* [INPUT DATA]
········
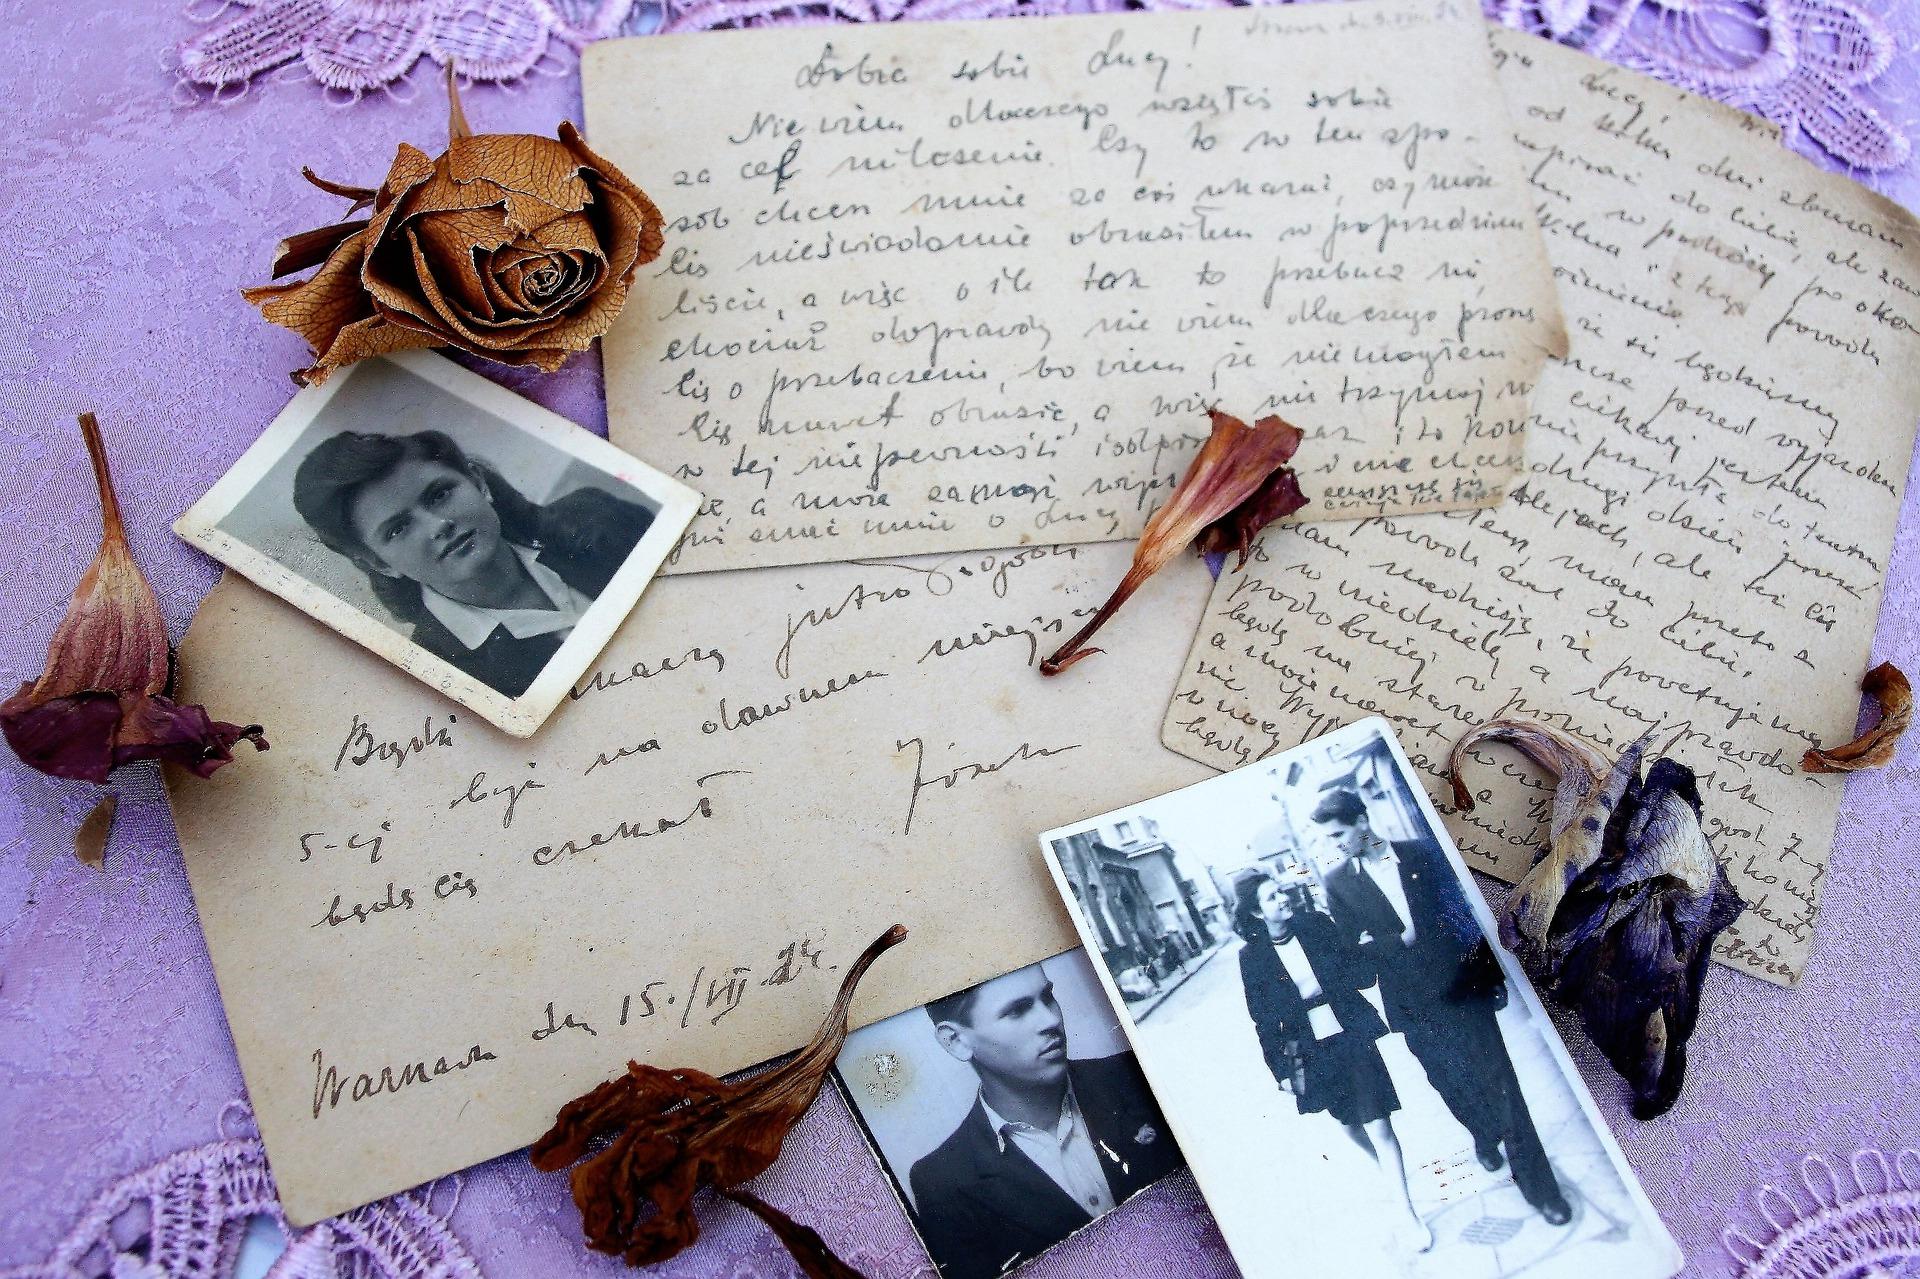 old-letter-3054262_1920.jpg
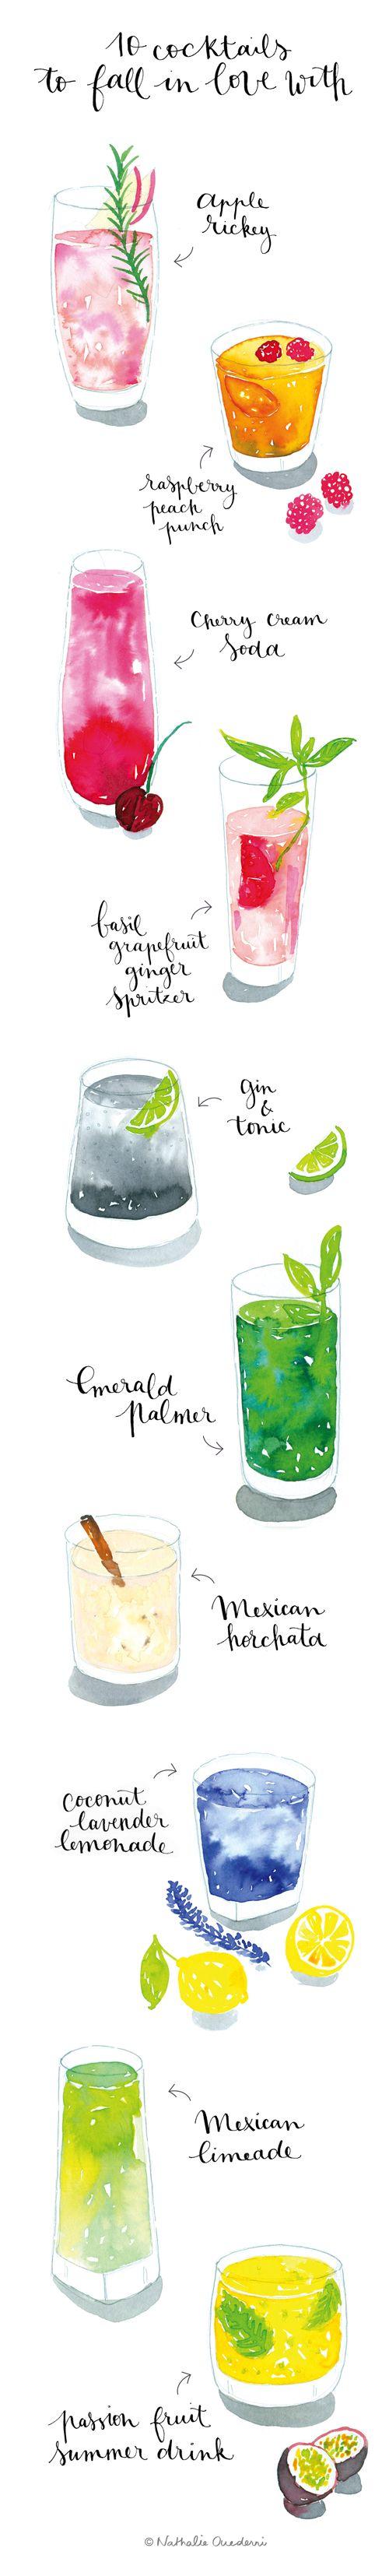 Food Illustration | watercolor cocktails by Nathalie Ouederni
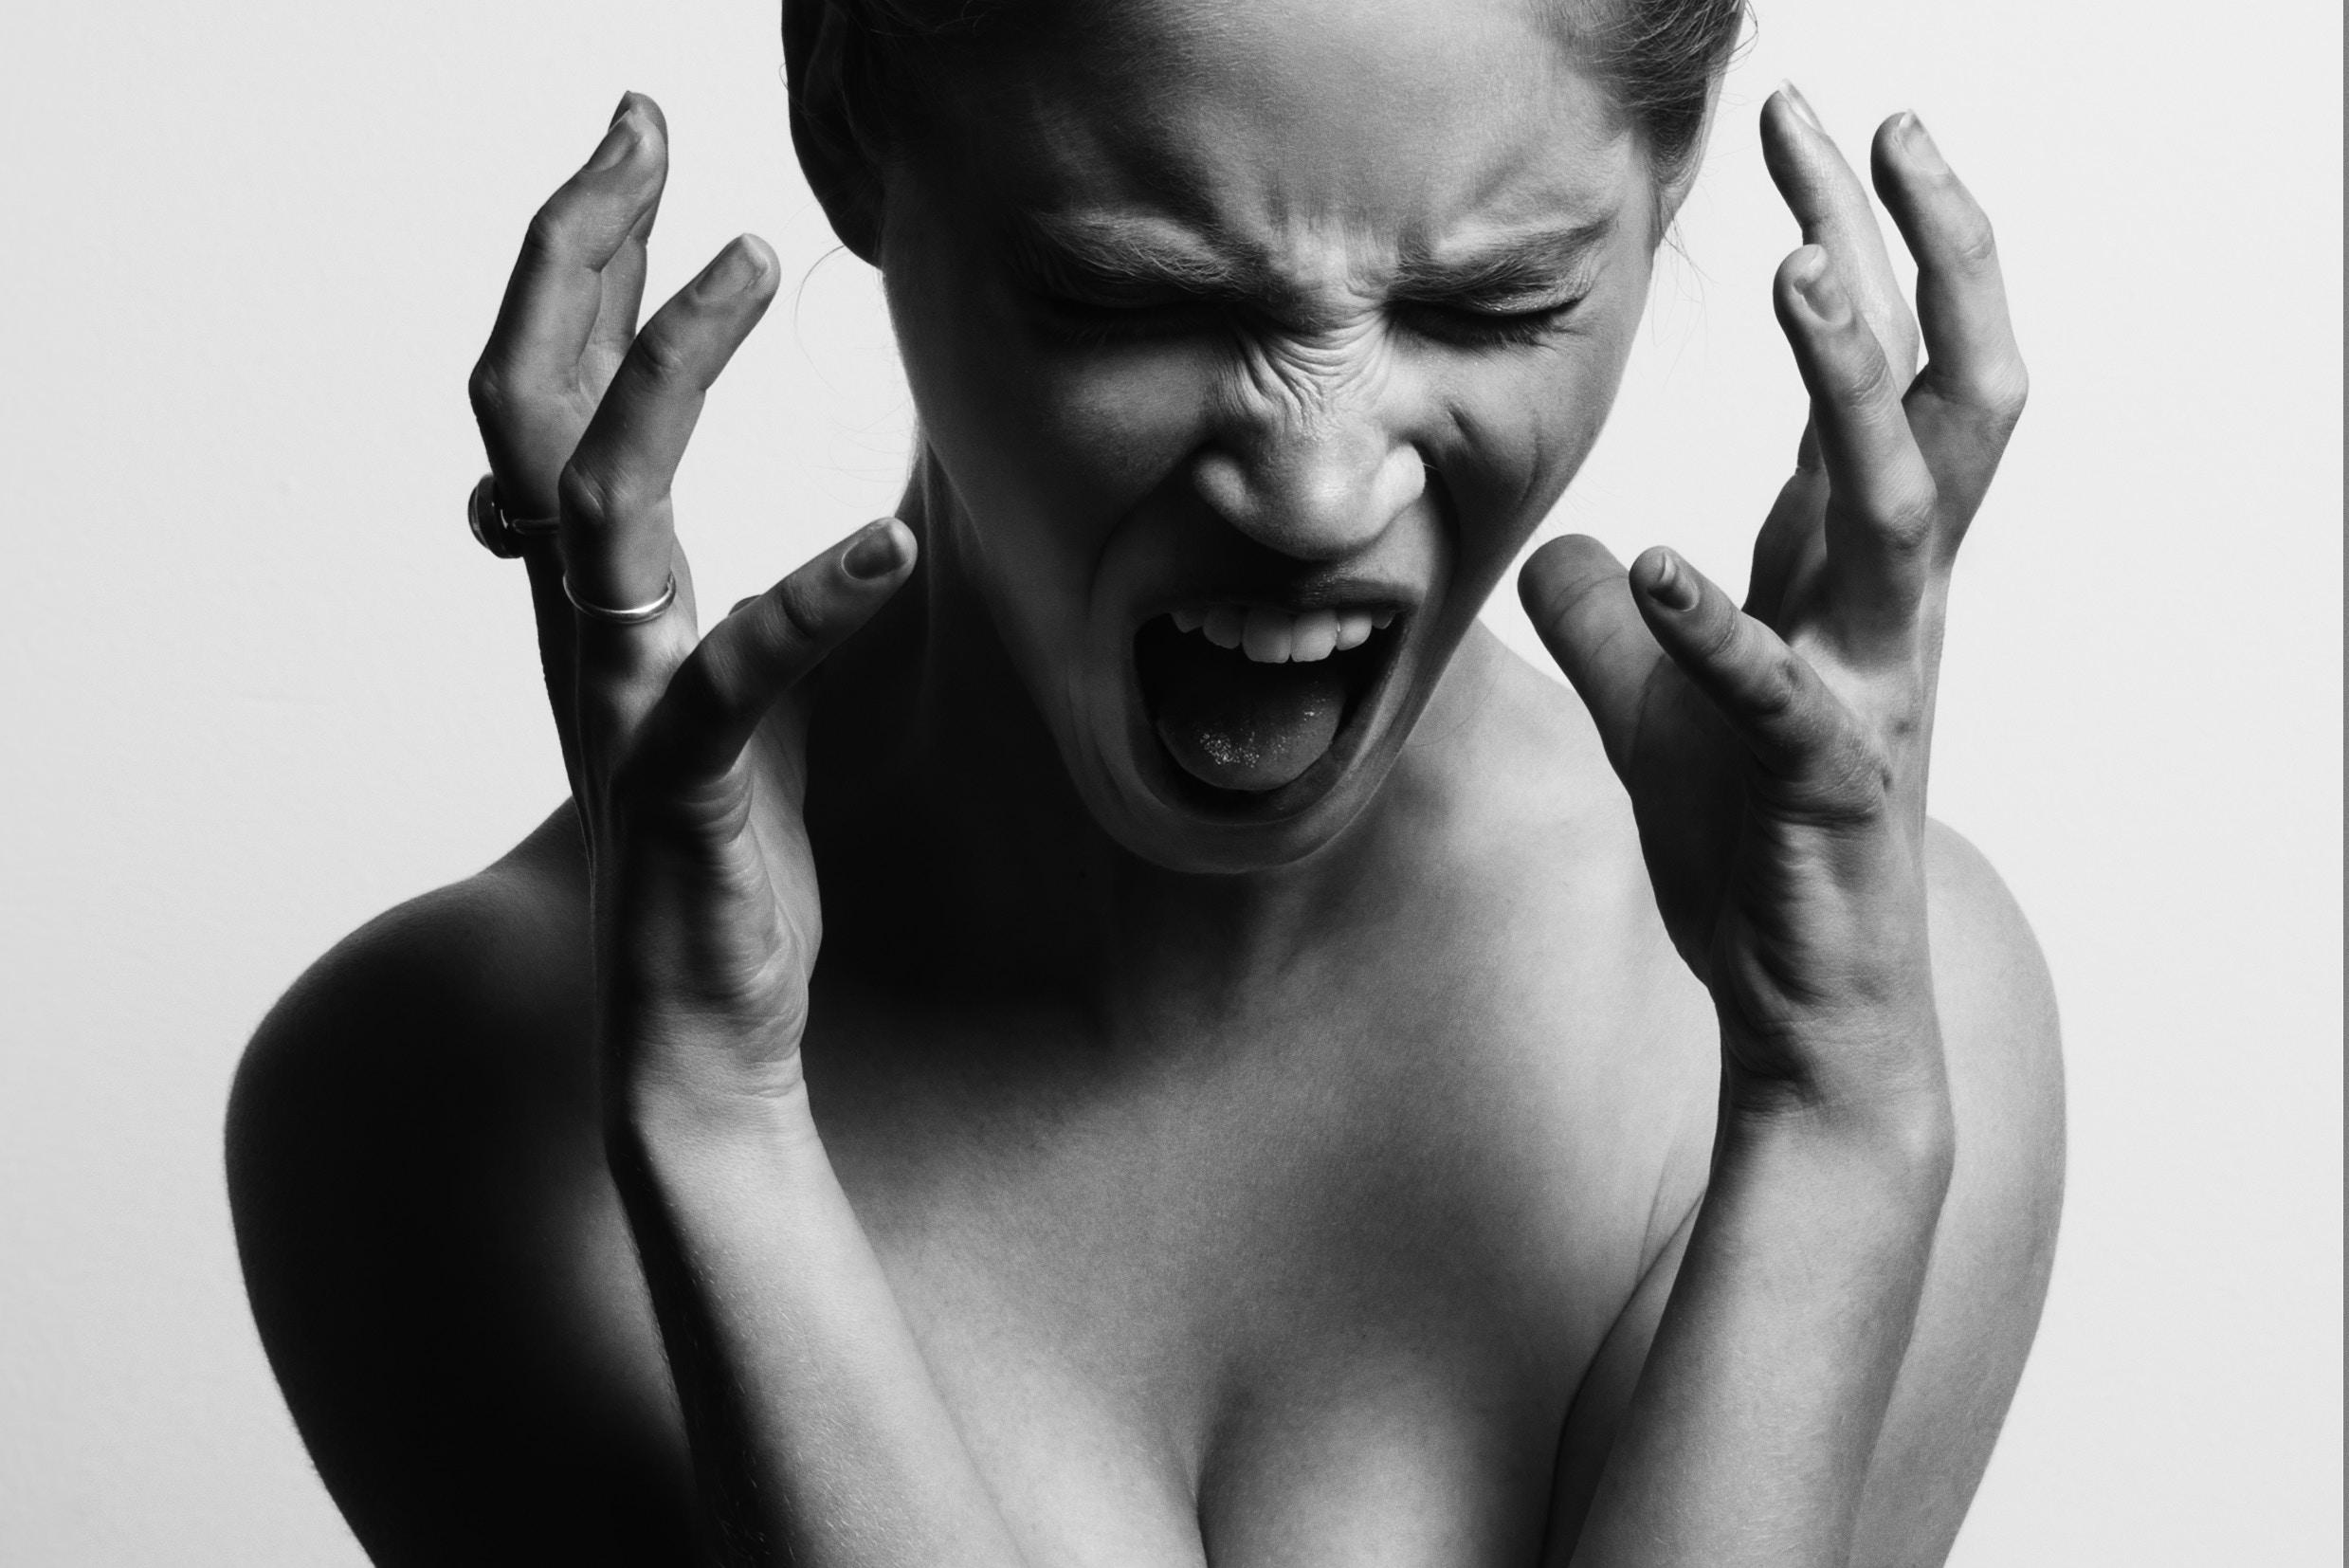 Vulvodoynia, Vulvar Pain Causes and Treatment | photo by gabriel-matula-300398-unsplash.jpg
········
* [WHAT TO DO] Repeat the data above exactly, images excluded.

* [SOLVED EXERCISE]
 old-letter-3054262_1920.jpg
 Food Illustration | watercolor cocktails by Nathalie Ouederni
 Vulvodoynia, Vulvar Pain Causes and Treatment | photo by gabriel-matula-300398-unsplash.jpg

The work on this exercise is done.